In the present study, gait characteristics from 171 community-dwelling older adults were evaluated to determine their predictive ability for future falls. Out of 171 participants, 127 participants’ 10-m gait data was used to train the classification model (Tables 3, 1a). In this sample of participants, 25 (19.7%) individuals experienced at least two falls in a year. The trained models were then blind tested on 44 participants who were followed-up for 6-months for falls (Table 1b, c). The test set (44 participants) was isolated during the whole process of training to serve the purpose of blind testing. In this sample of participants, 9 (20.4%) individuals experience their falls during this period. Participants who fell at 6-month follow-up had less confidence in flexibility and had significantly less intake of vitamin D than their non-falling counterparts at baseline (Table 1c). Additionally, the results indicated 26.6% of falls occurred in the afternoon and 33.3% of falls in the evening, whereas about 13.3% in late night and early morning. About 38.4% of indoor falls occurred in the bedroom and about 15.3% of falls occurred on the stairs while 42% of outdoor falls occurred on sidewalks and about 14% occurred in the yard area.

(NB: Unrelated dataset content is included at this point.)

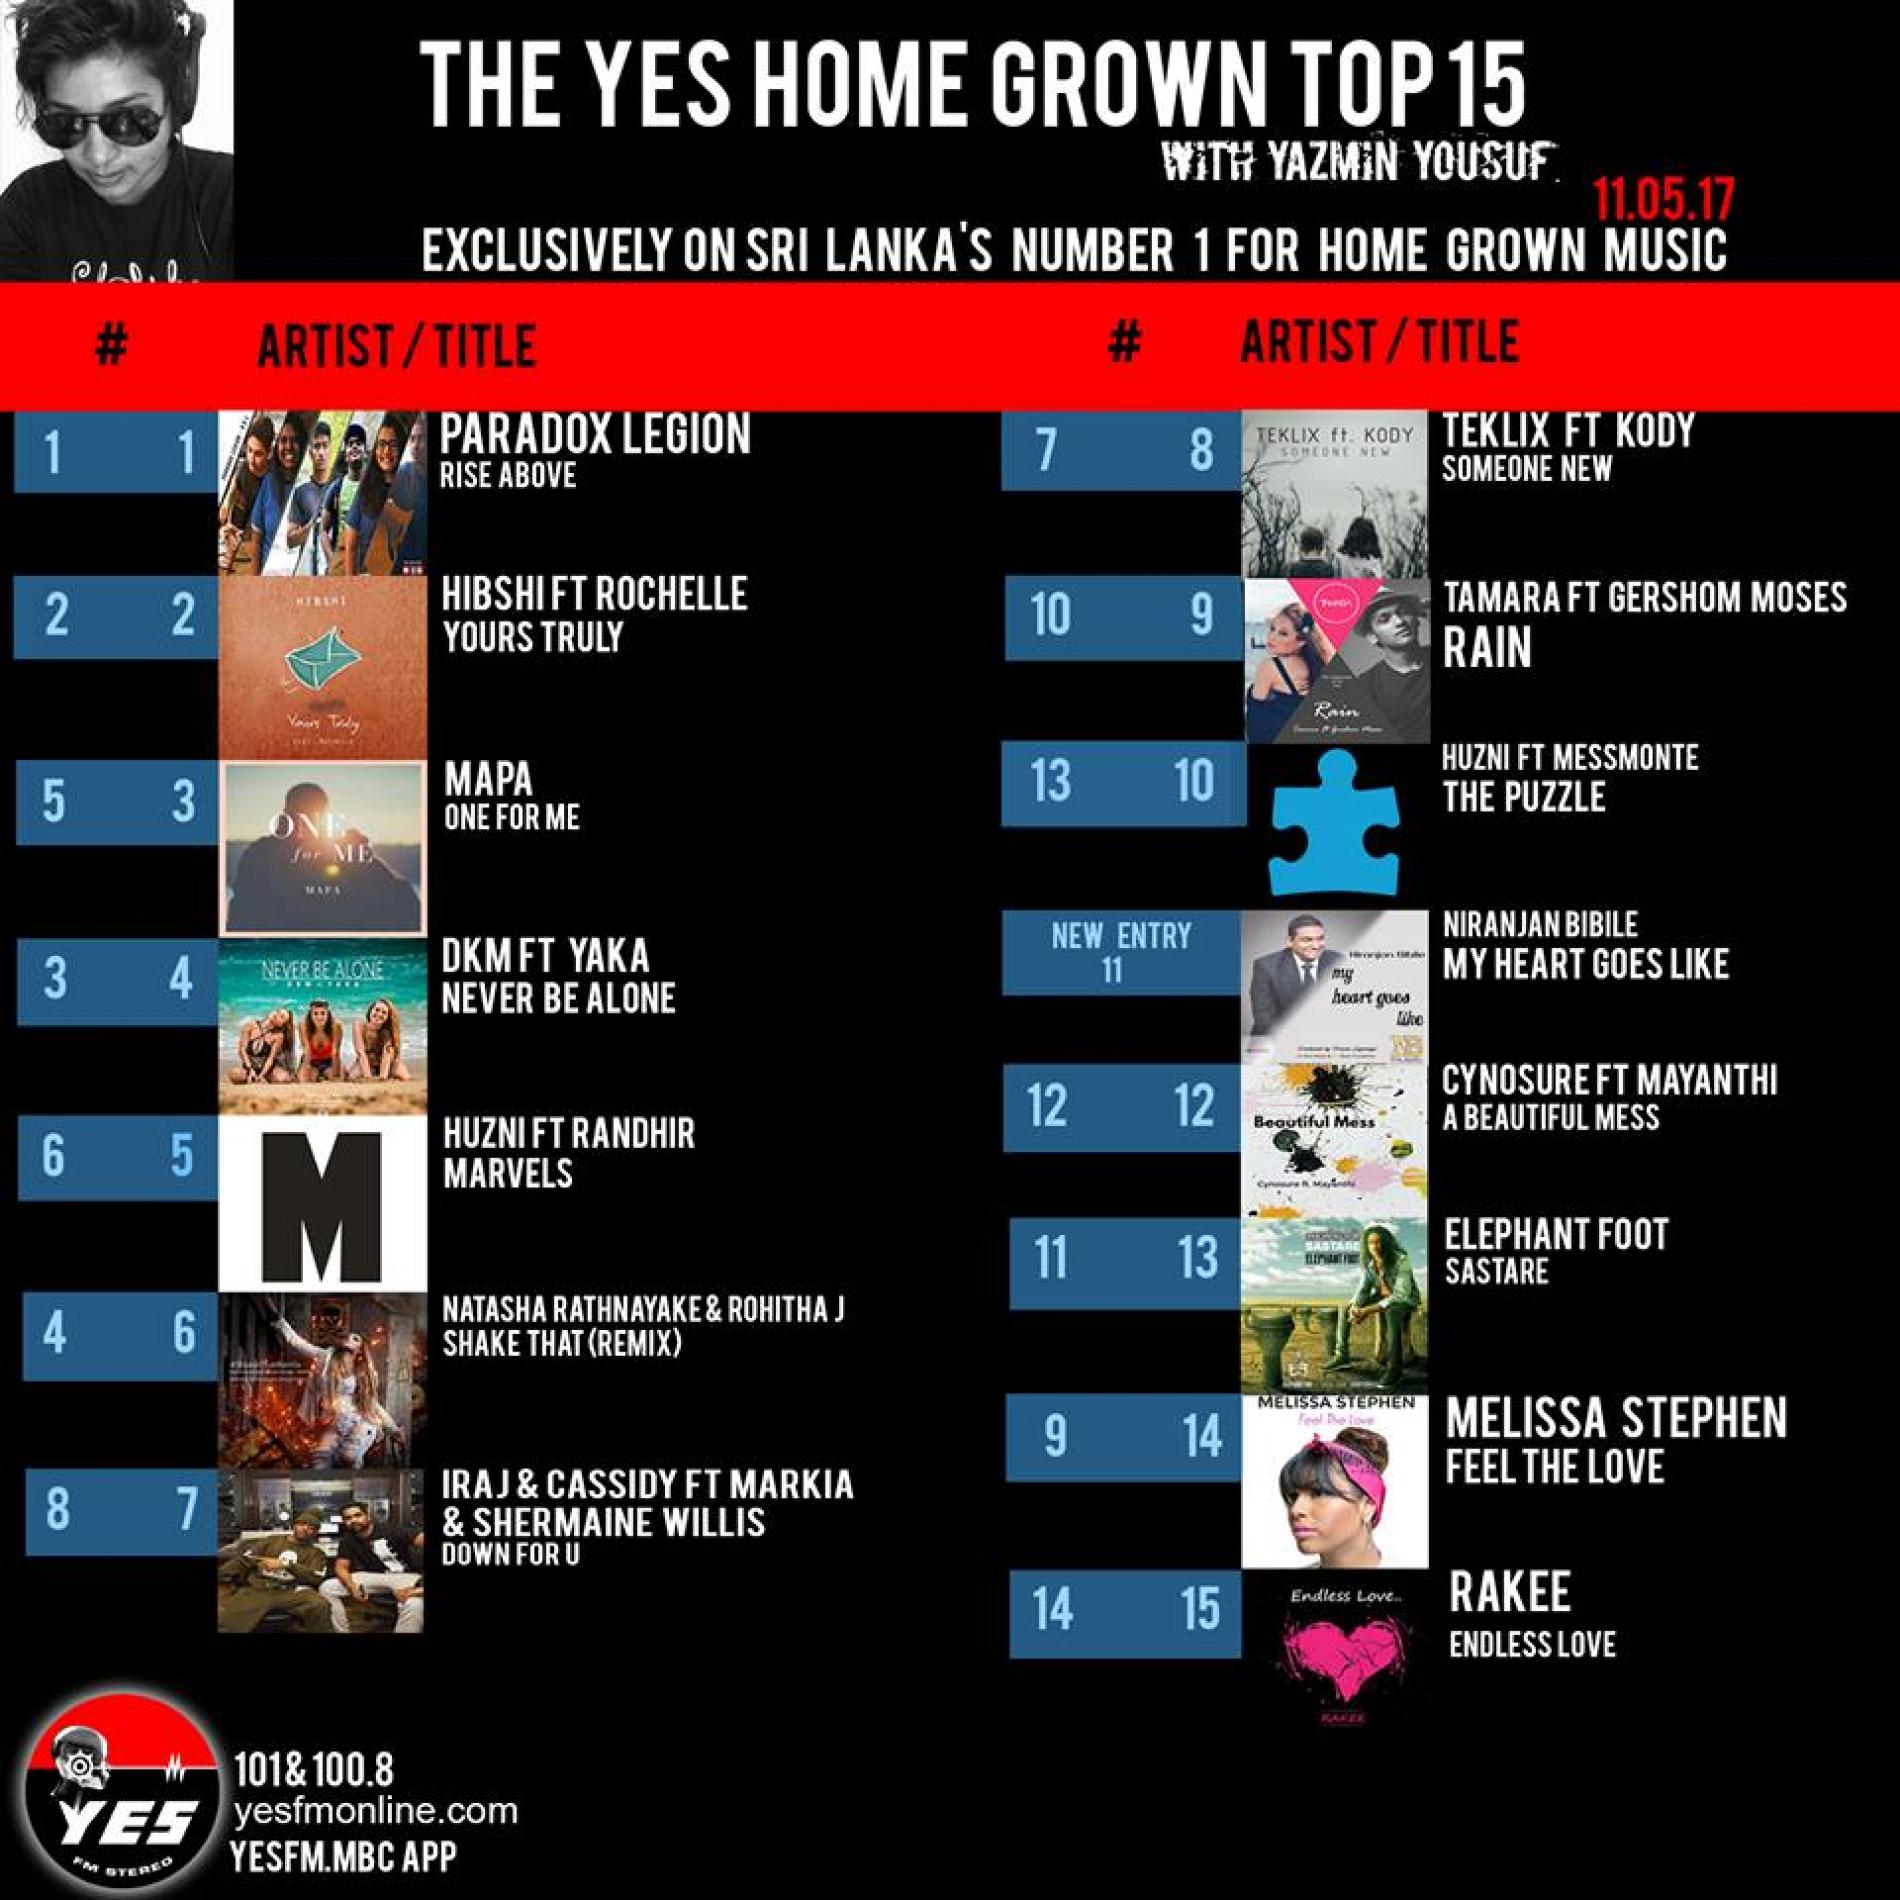 Paradox Legion Hits Number 1 Again On The YES Home Grown Top 15

Linear and non-linear gait and postural stability features of the participants from the training-data-set are already published27,41. In these studies, statistically significant increase in postural sway and gait instability were observed for fallers as compared to their non-falling counterparts. Participants were classified as a “faller” if they experienced two or more falls in the past one year. Training data set consisted of 127 participants (Table 1a) and testing data set consisted of 44 participants (Table 1b, c).

### Performance measures

Three machine-learning experiments were conducted with a different strategy (feature engineering (i.e., principal component (PC) analysis) versus no feature engineering) and different data inputs (linear or nonlinear features versus a combination of linear and nonlinear features). Six metrics were used to evaluate the performance: accuracy, specificity, sensitivity, F1 score (harmonic mean of precision and sensitivity), Matthew’s correlation coefficient (MCC)56,57, and AUC. AUC, derived from ROC (Receiver Operating Characteristics) curve, has been used to evaluate the predictive ability of learning algorithms. AUC has a higher degree of consistency and discrepancy comparing to accuracy. Huang et.al, demonstrated empirical evaluations and a formal proof to establish that AUC is indeed statistically consistent and more discriminating than accuracy58. MCC has been used as a measure of the quality of binary (two-class) classifications in healthcare applications. MCC is a metric to represent a correlation coefficient between the observed and predicted binary classifications.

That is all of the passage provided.